◆ **Aim of the task**
Your answer should hold exactly the lines below from the line with "SALE ‼️ Rose" through the line with "Diverted Aircraft, September 11, 2001", both included, and no pictures at all.

◆ **Entries provided**

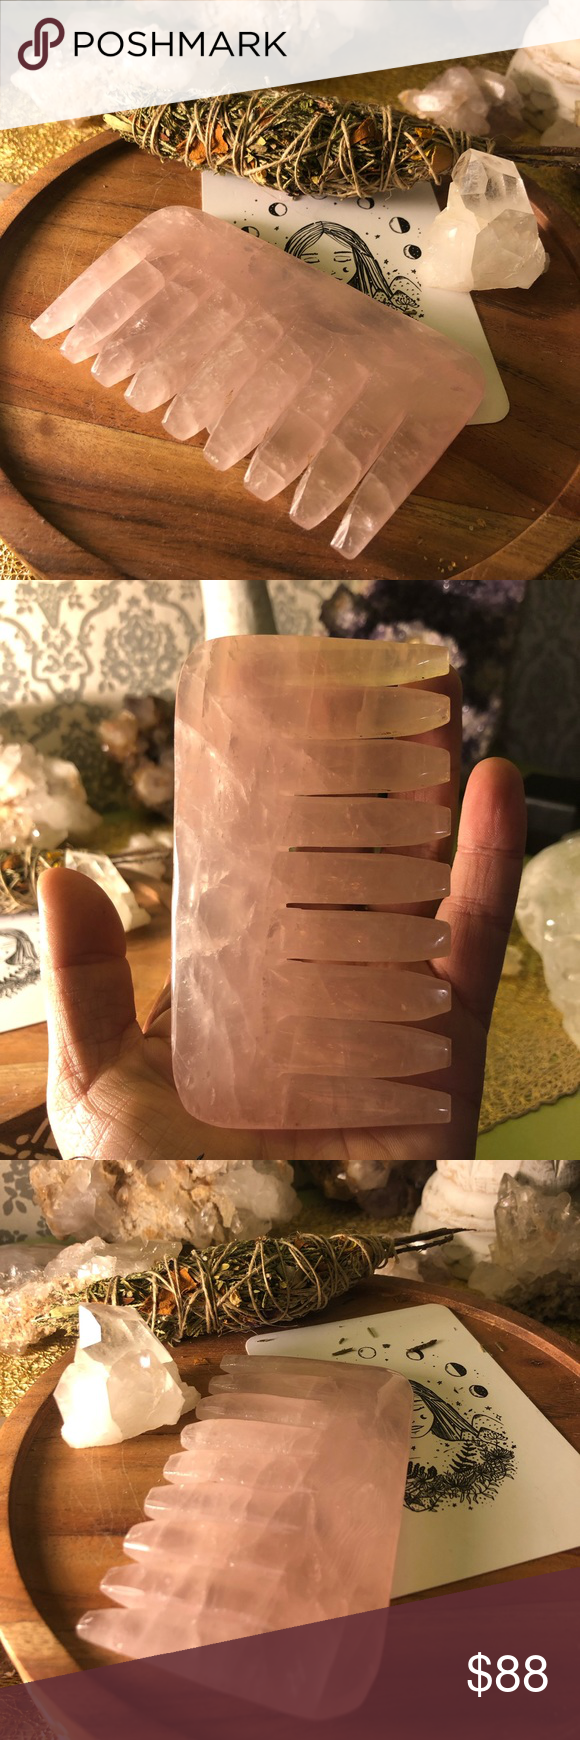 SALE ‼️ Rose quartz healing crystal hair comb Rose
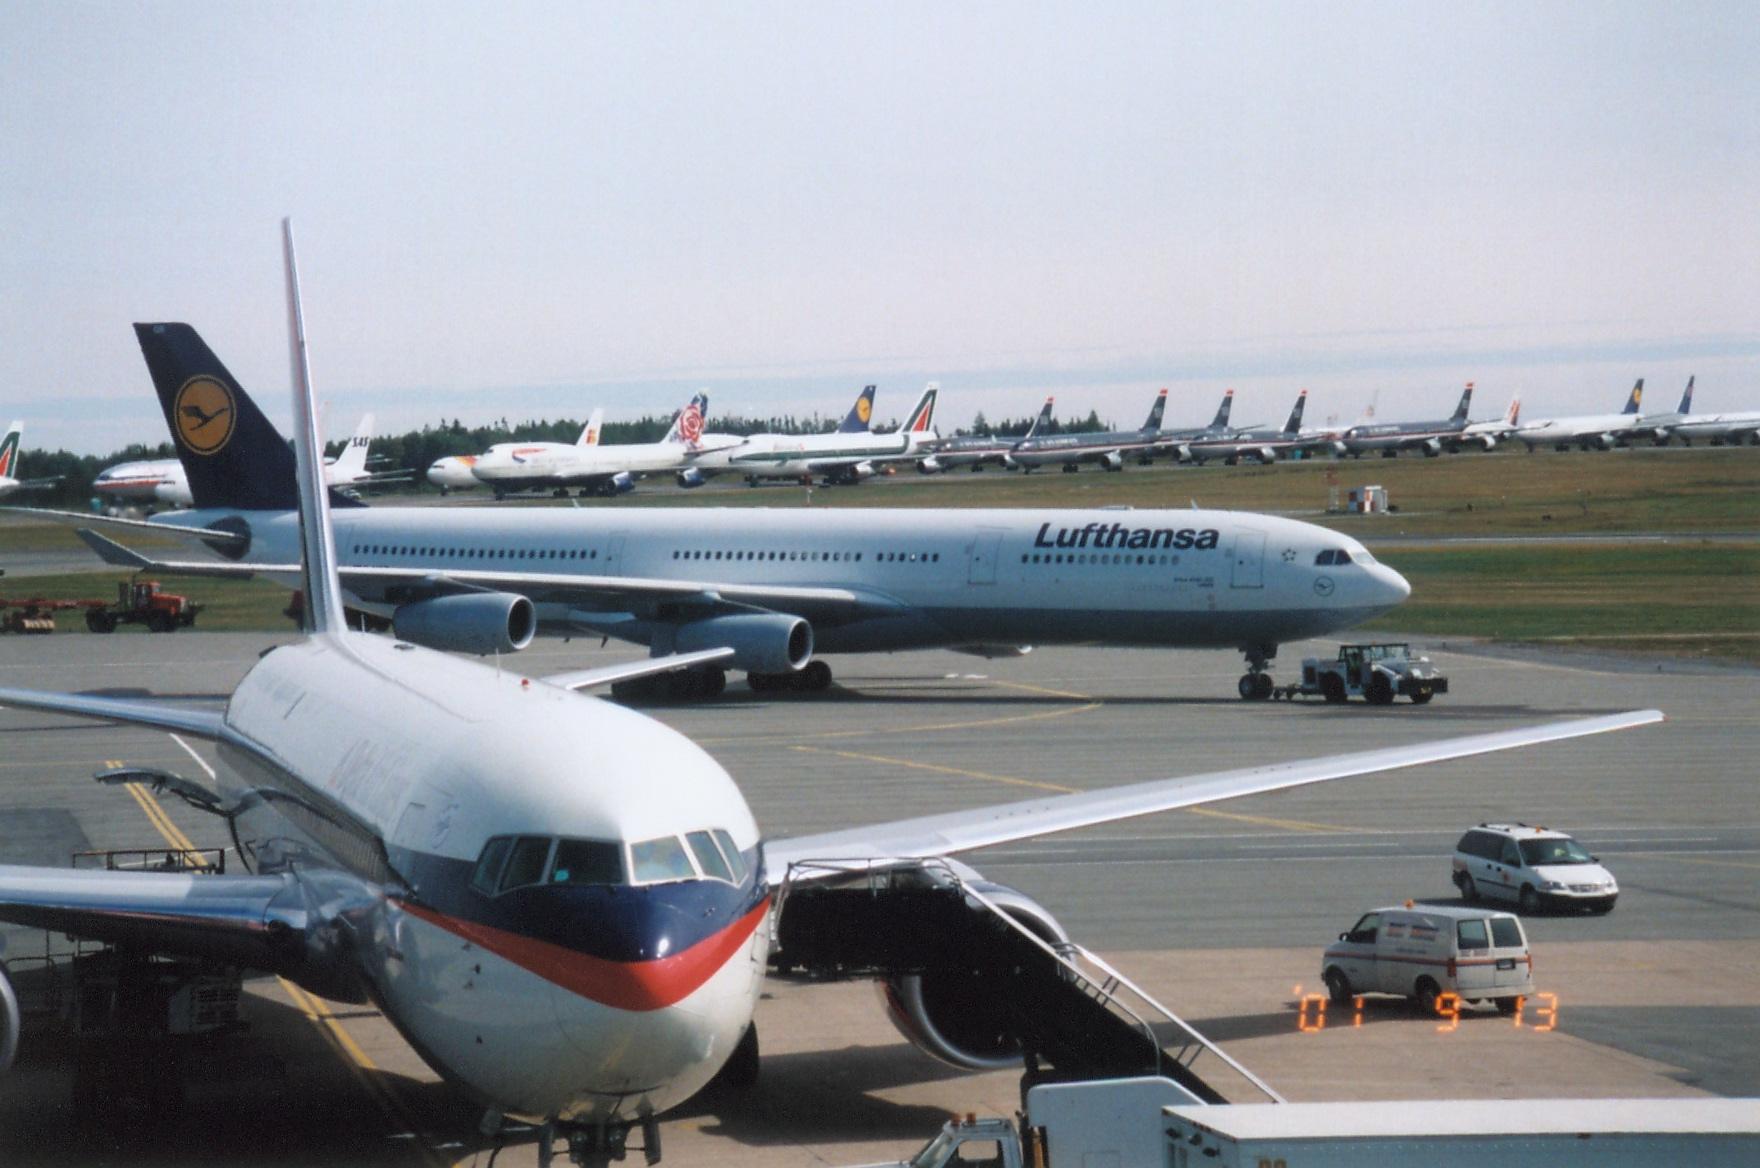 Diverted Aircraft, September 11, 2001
* * *
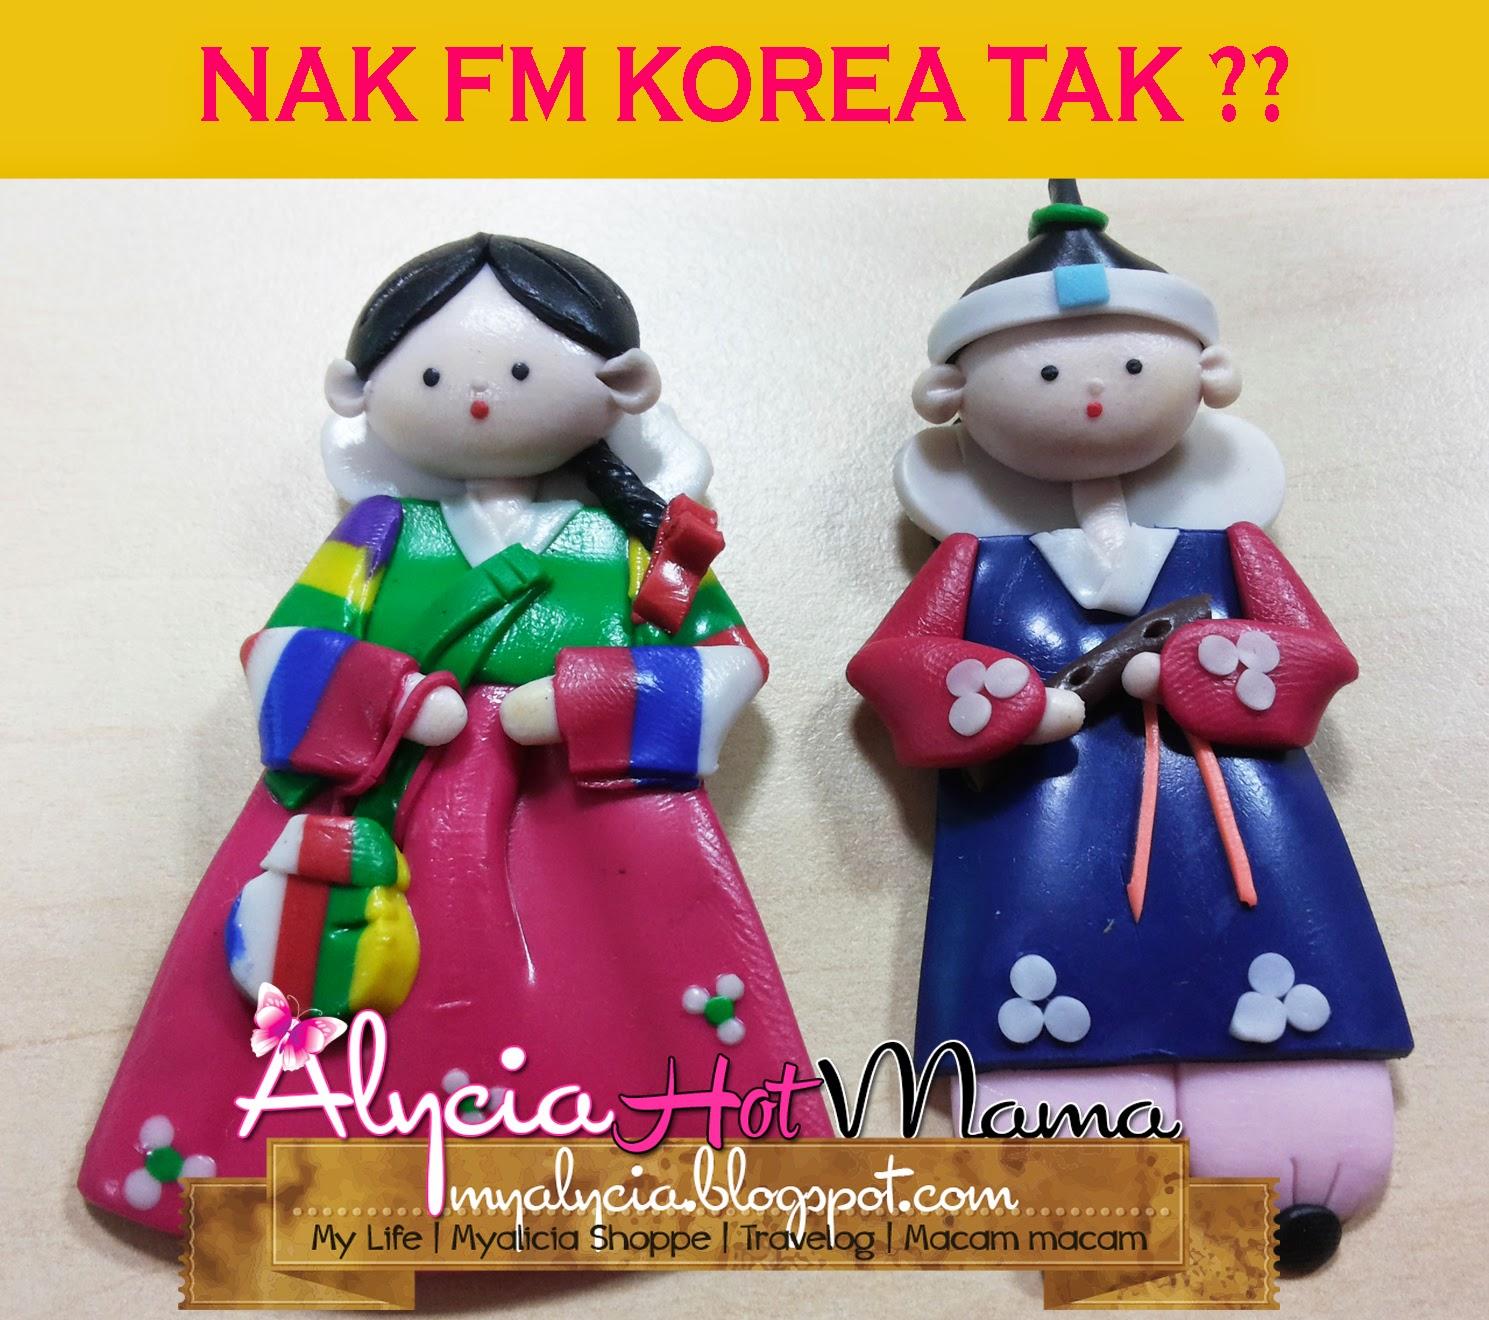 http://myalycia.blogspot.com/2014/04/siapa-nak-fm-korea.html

◆ **Your response**
 SALE ‼️ Rose quartz healing crystal hair comb Rose
 Diverted Aircraft, September 11, 2001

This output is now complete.